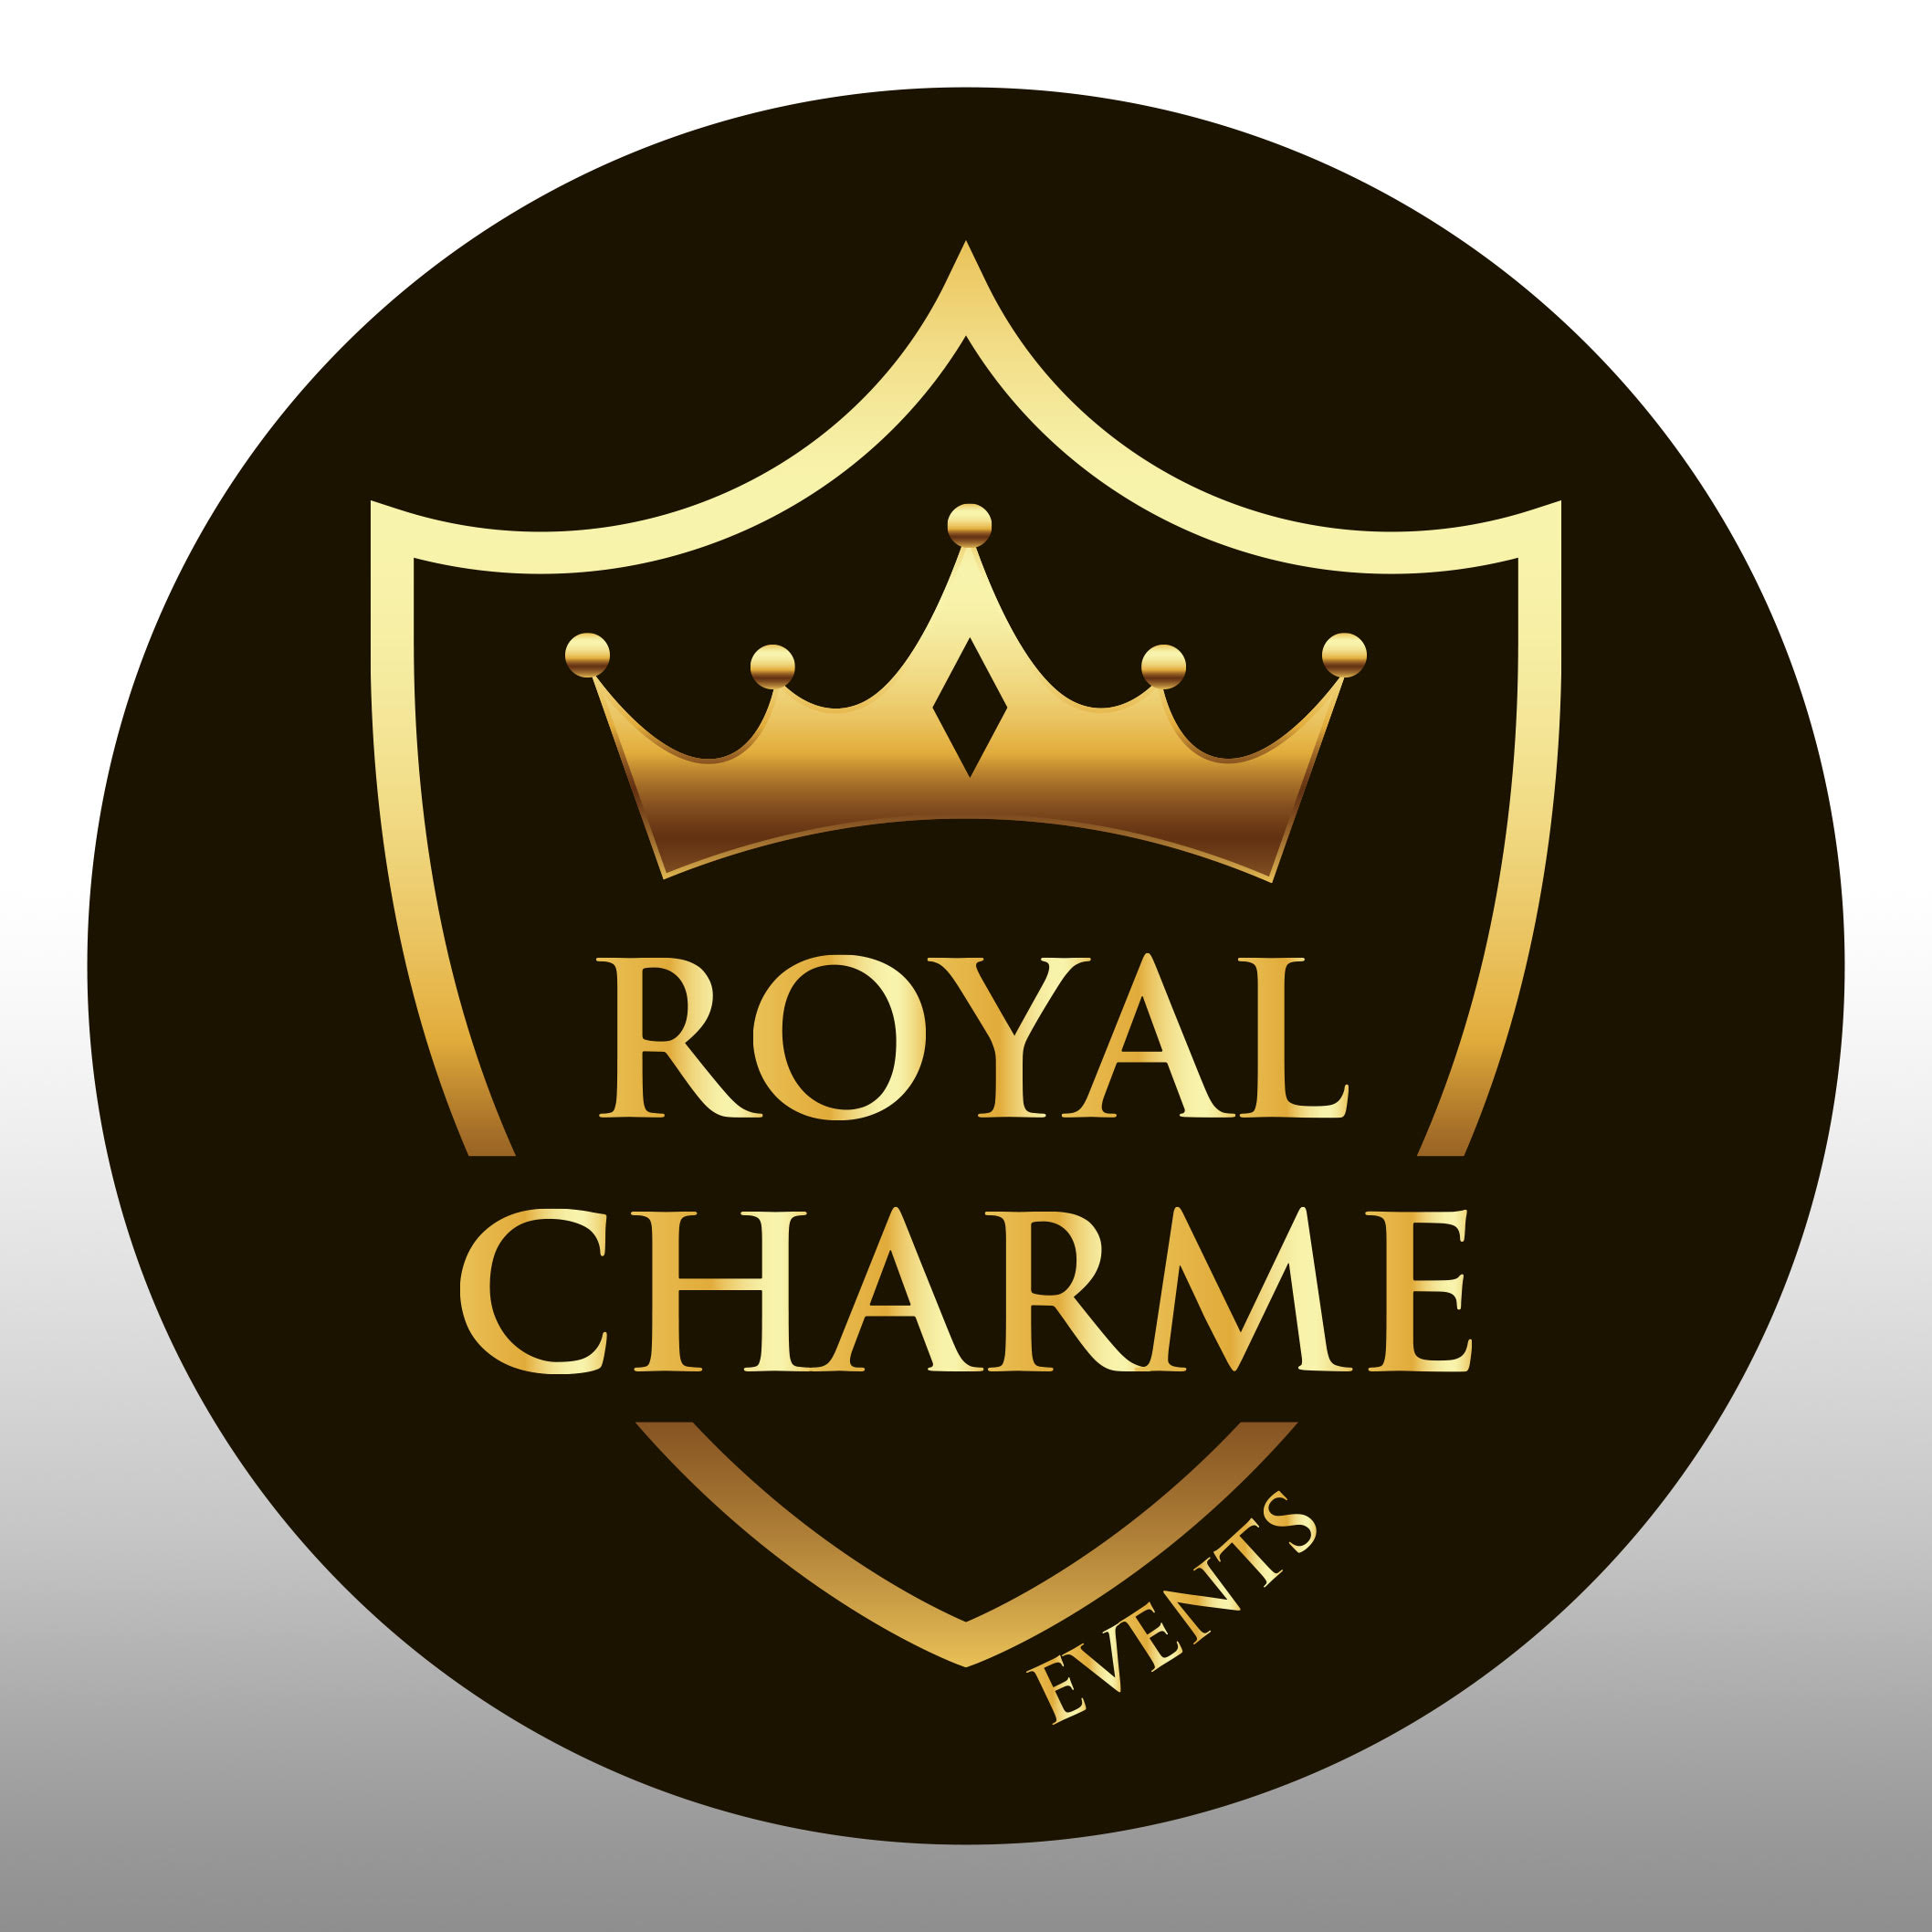 Royal Charme
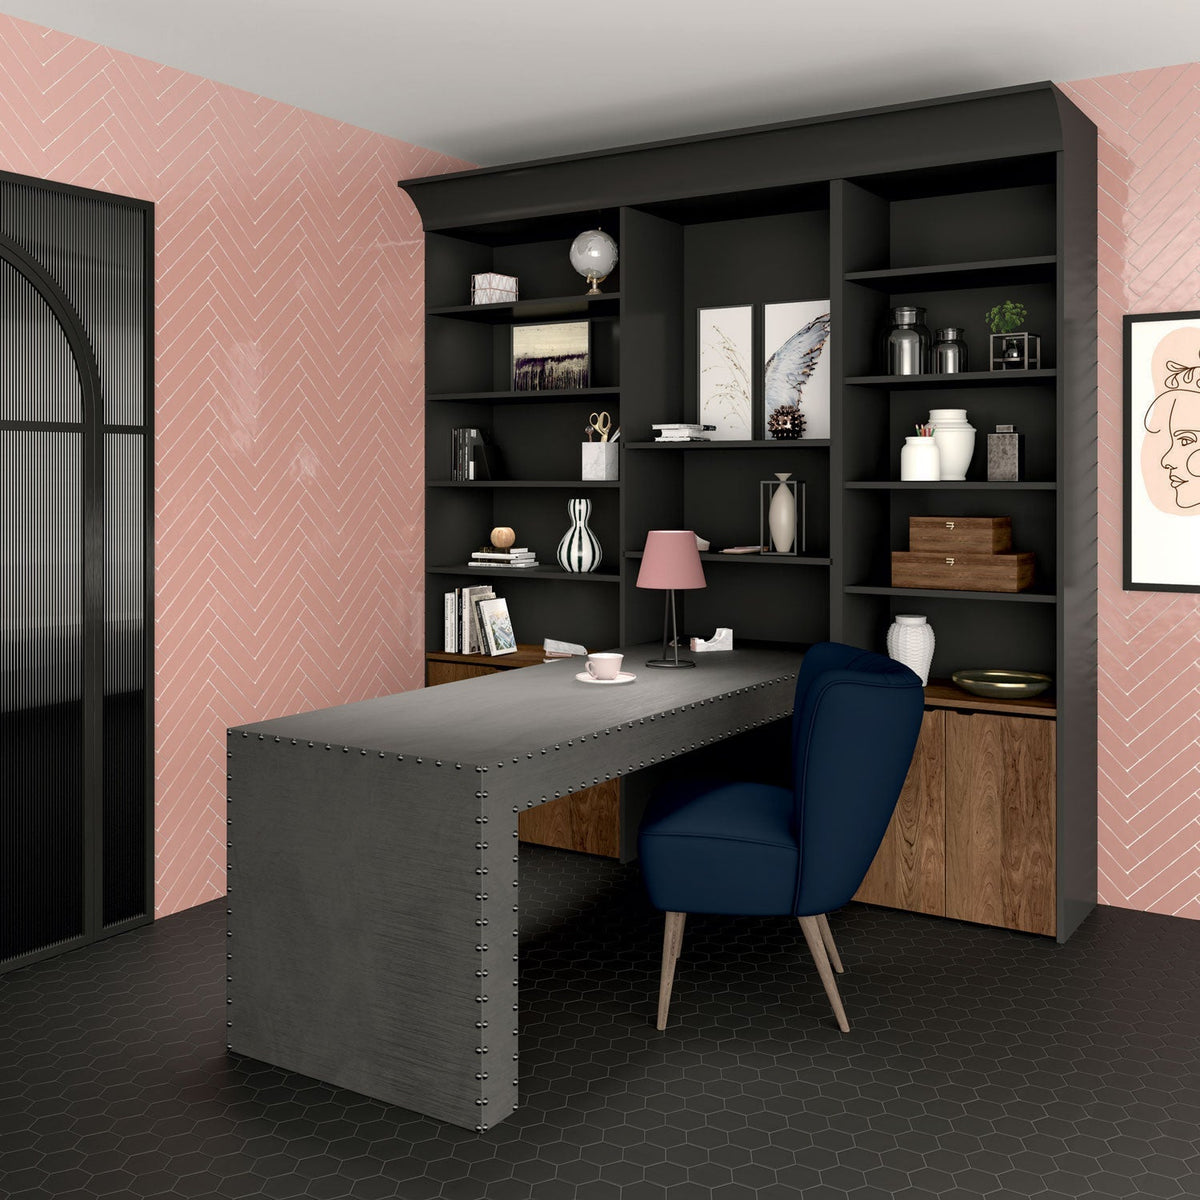 Marazzi - Artistic Reflections™ 2 in. x 10 in. Ceramic Tile - Rose Glossy Room Scene
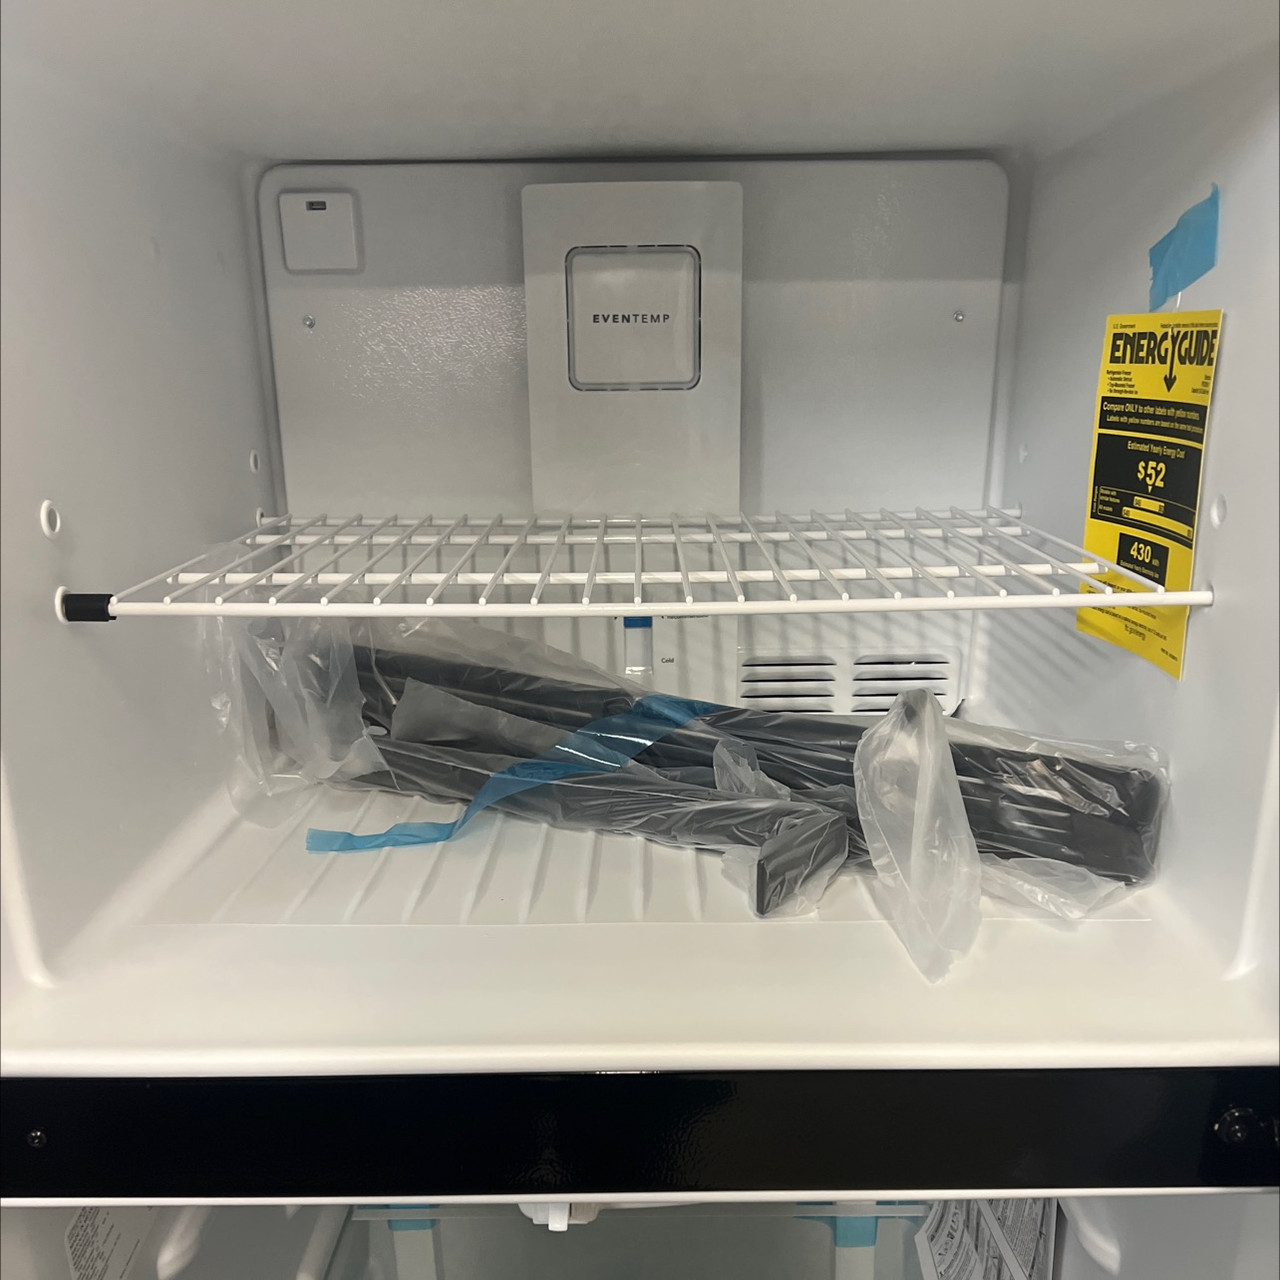 Frigidaire FRTD2021AW 20.5 cu. ft. Top Freezer Refrigerator - White
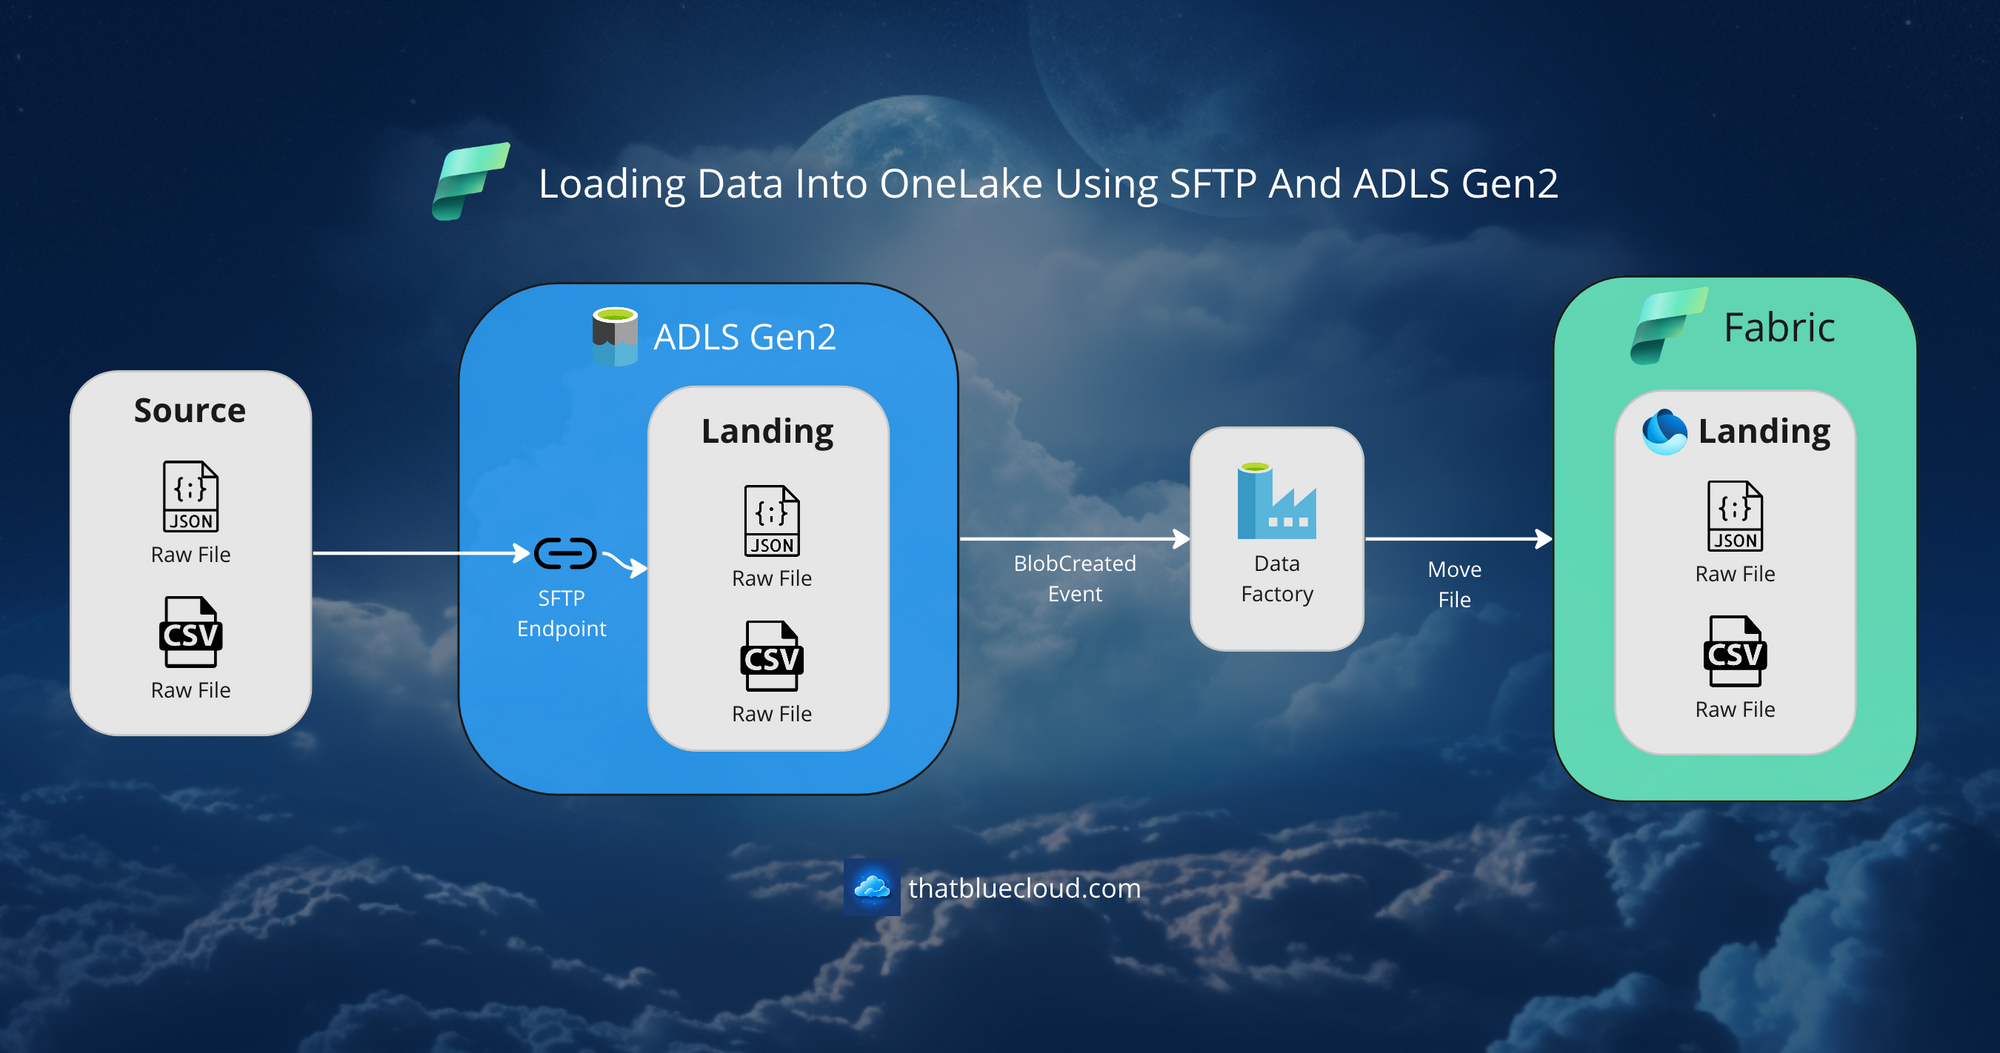 Loading Data Into OneLake via ADLS Gen2 SFTP

◆ WORK INSTRUCTIONS: The output must start at the line holding "Frigidaire FRTD2021AW 20.5", end at the last line of the listing above, and show each line exactly; please omit all pictures.

◆ ANSWER FOR THE TASK:
 Frigidaire FRTD2021AW 20.5 cu. ft. Top Freezer Refrigerator - White
 Loading Data Into OneLake via ADLS Gen2 SFTP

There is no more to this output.